Brief: The entries below contain pictures, which are to be left out; write out exactly, and only, the lines from the line with "View down an Italian canal" up to and including the line with "No coração da".

Data for this exercise:
*** Begin section ***

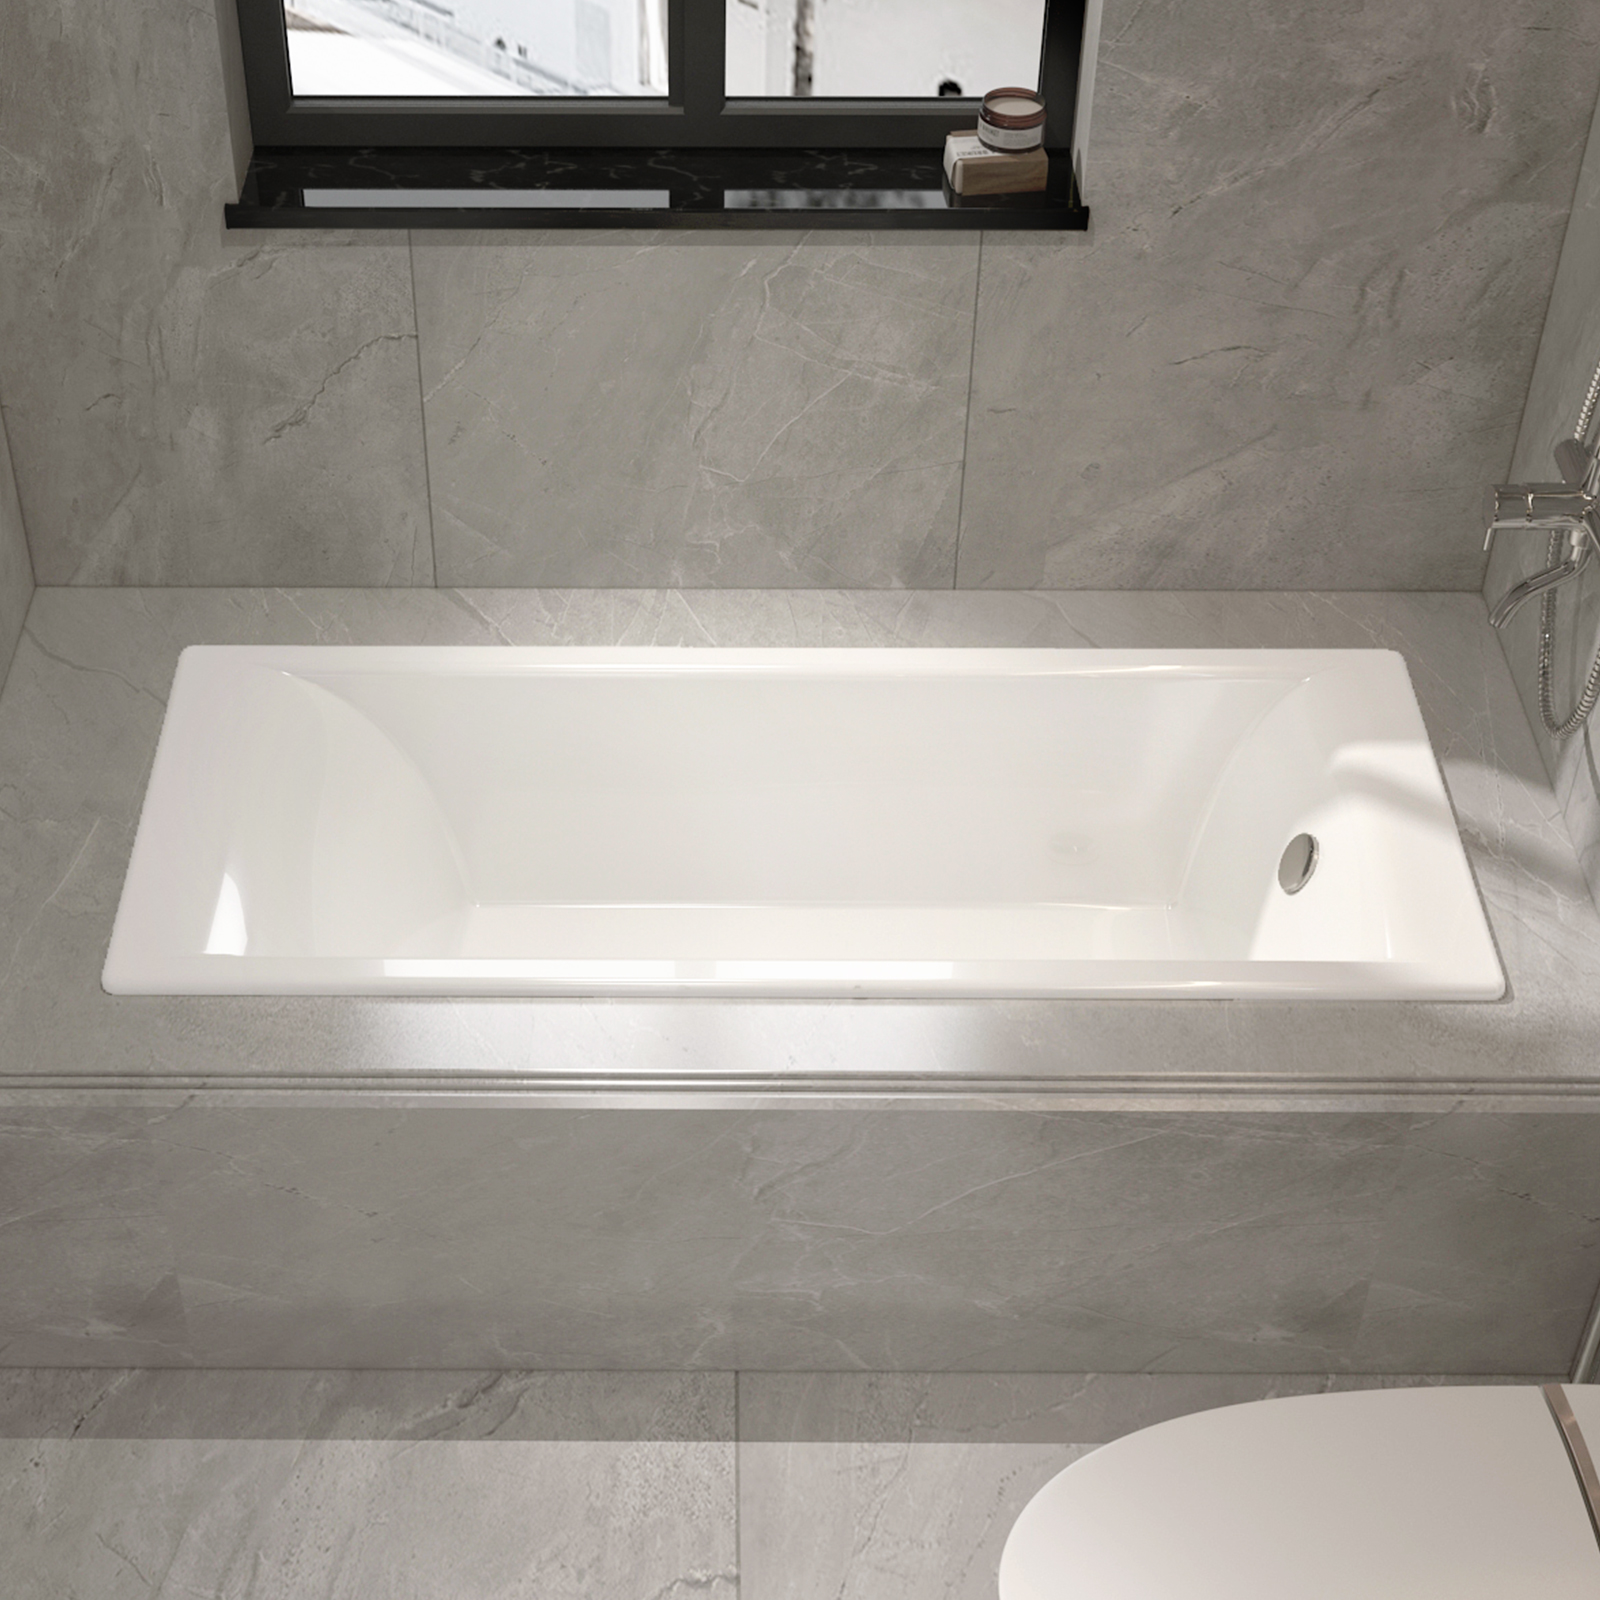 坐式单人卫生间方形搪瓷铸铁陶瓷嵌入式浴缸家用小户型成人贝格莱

*** End section ***
*** Begin section ***

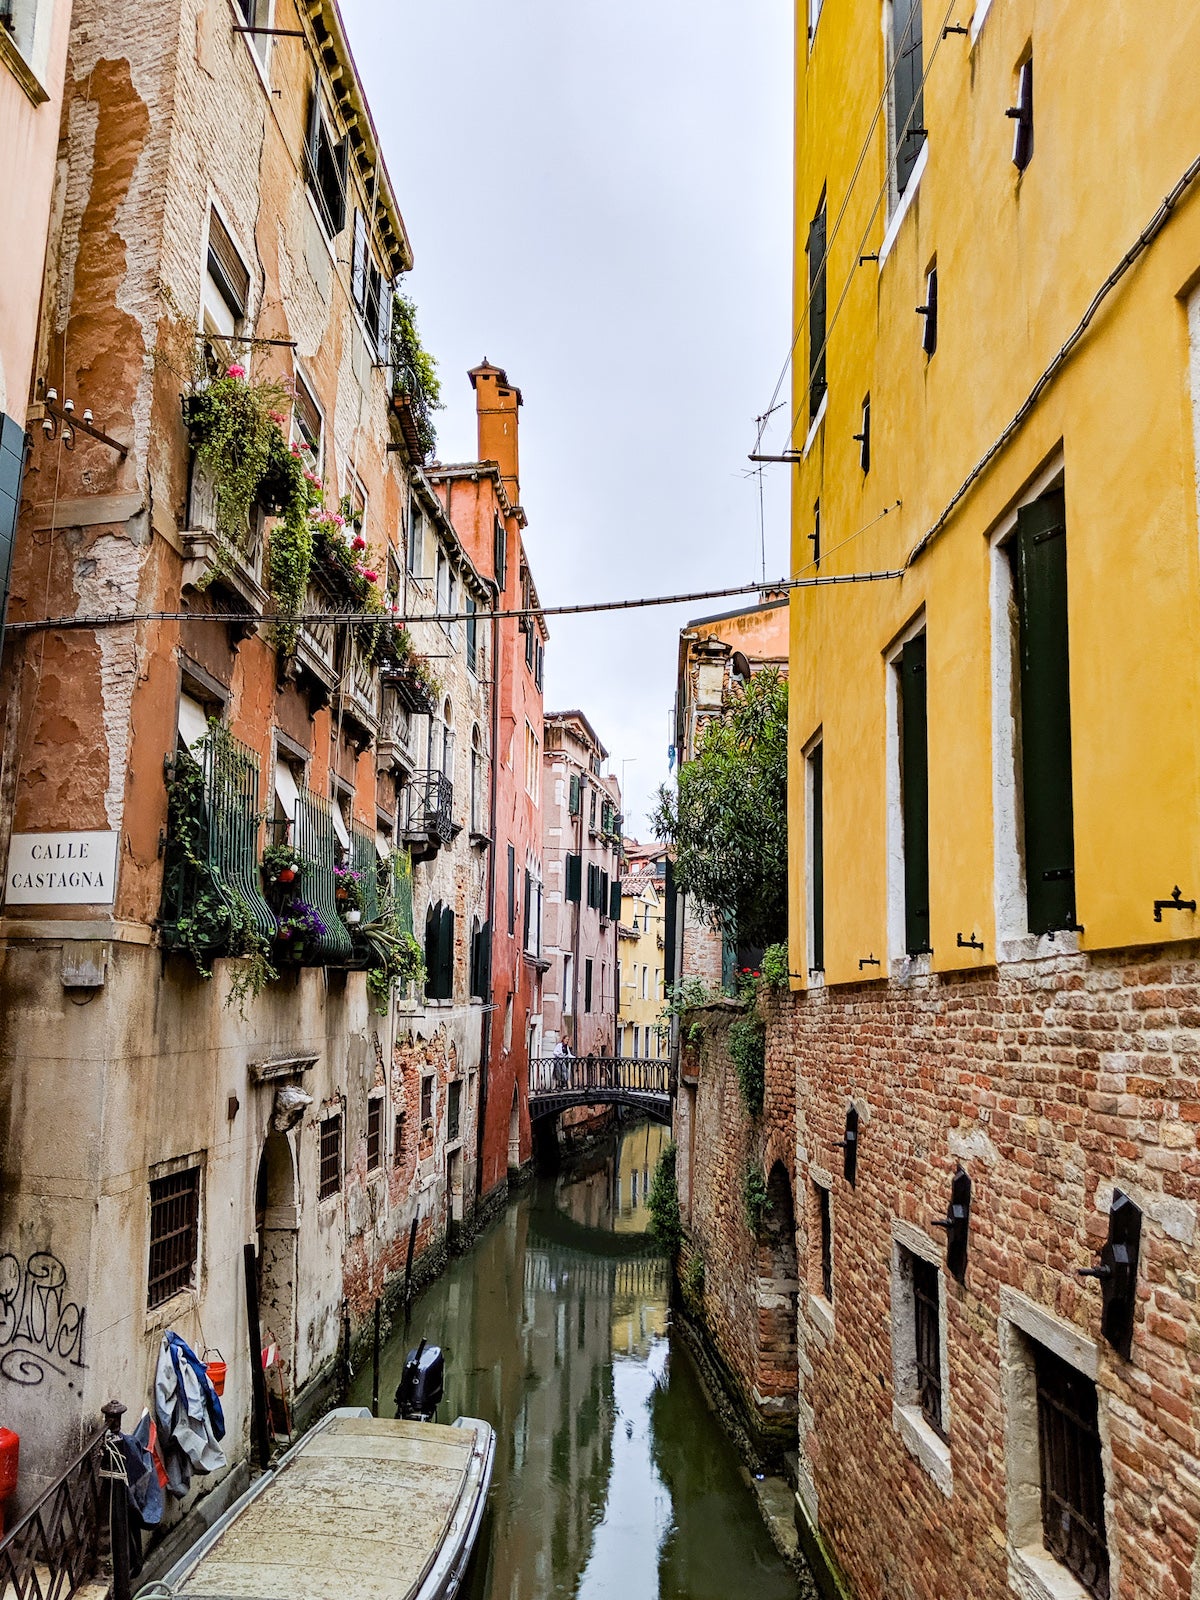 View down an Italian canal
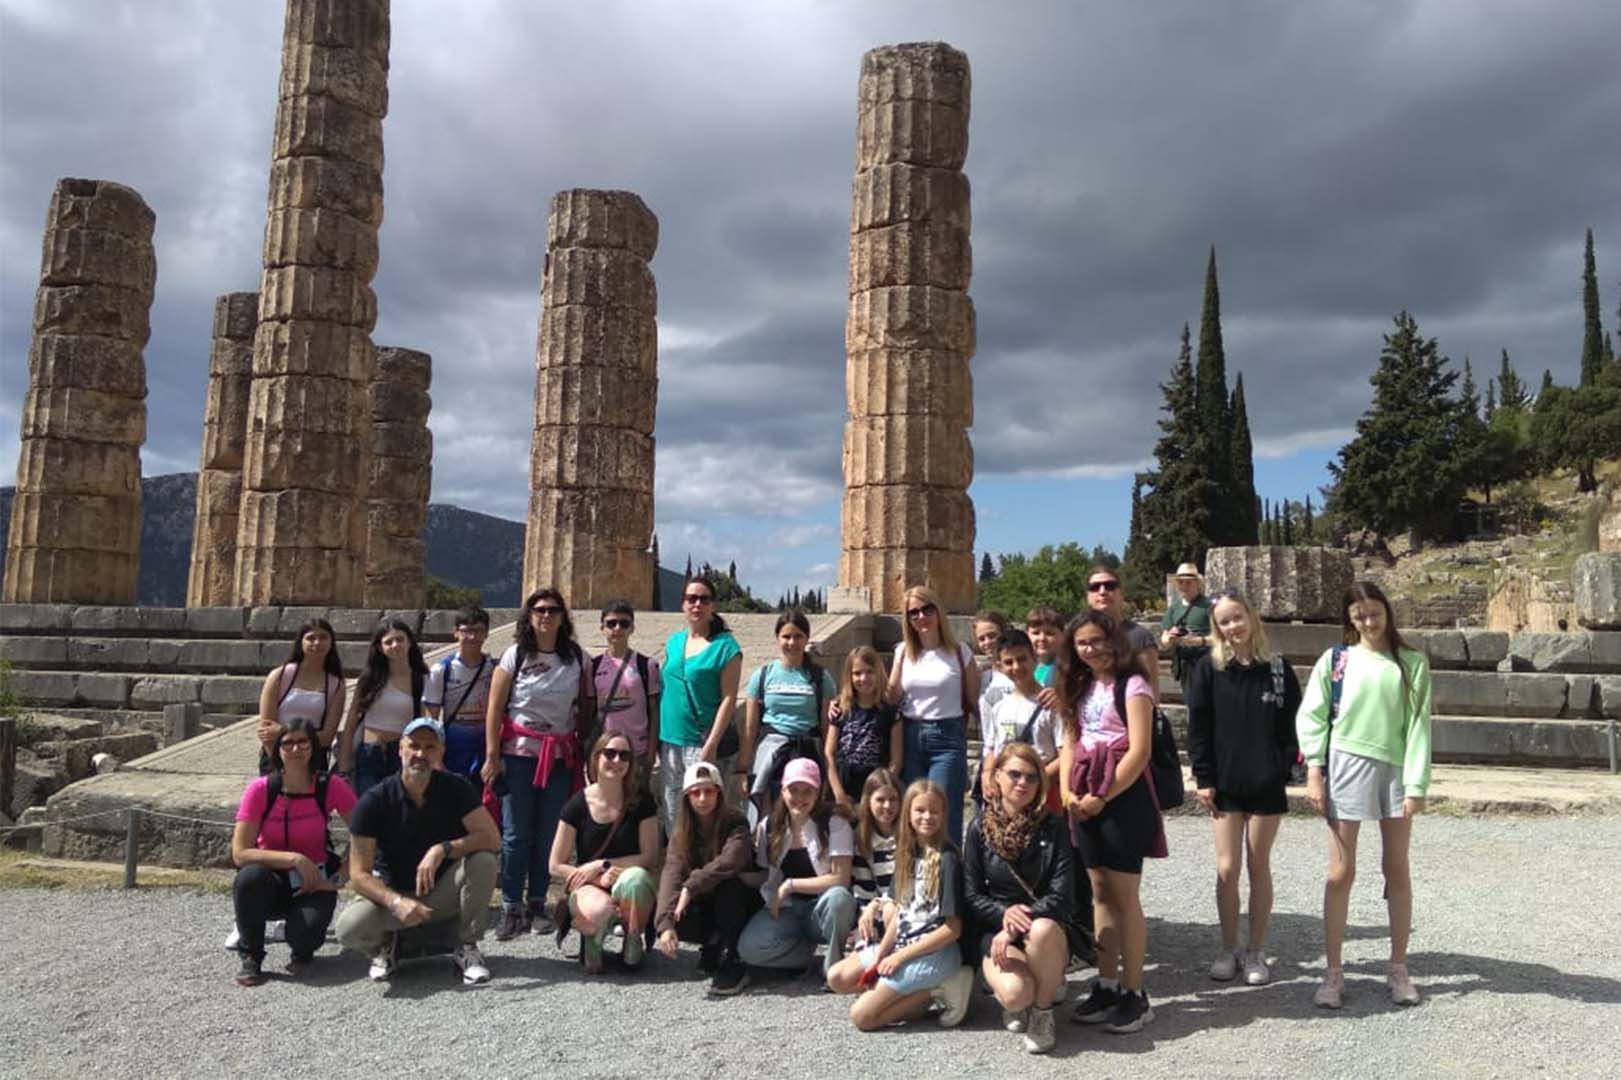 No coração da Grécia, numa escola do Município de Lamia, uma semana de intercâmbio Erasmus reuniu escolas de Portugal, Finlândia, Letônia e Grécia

*** End section ***

Expected answer:
 View down an Italian canal
 No coração da Grécia, numa escola do Município de Lamia, uma semana de intercâmbio Erasmus reuniu escolas de Portugal, Finlândia, Letônia e Grécia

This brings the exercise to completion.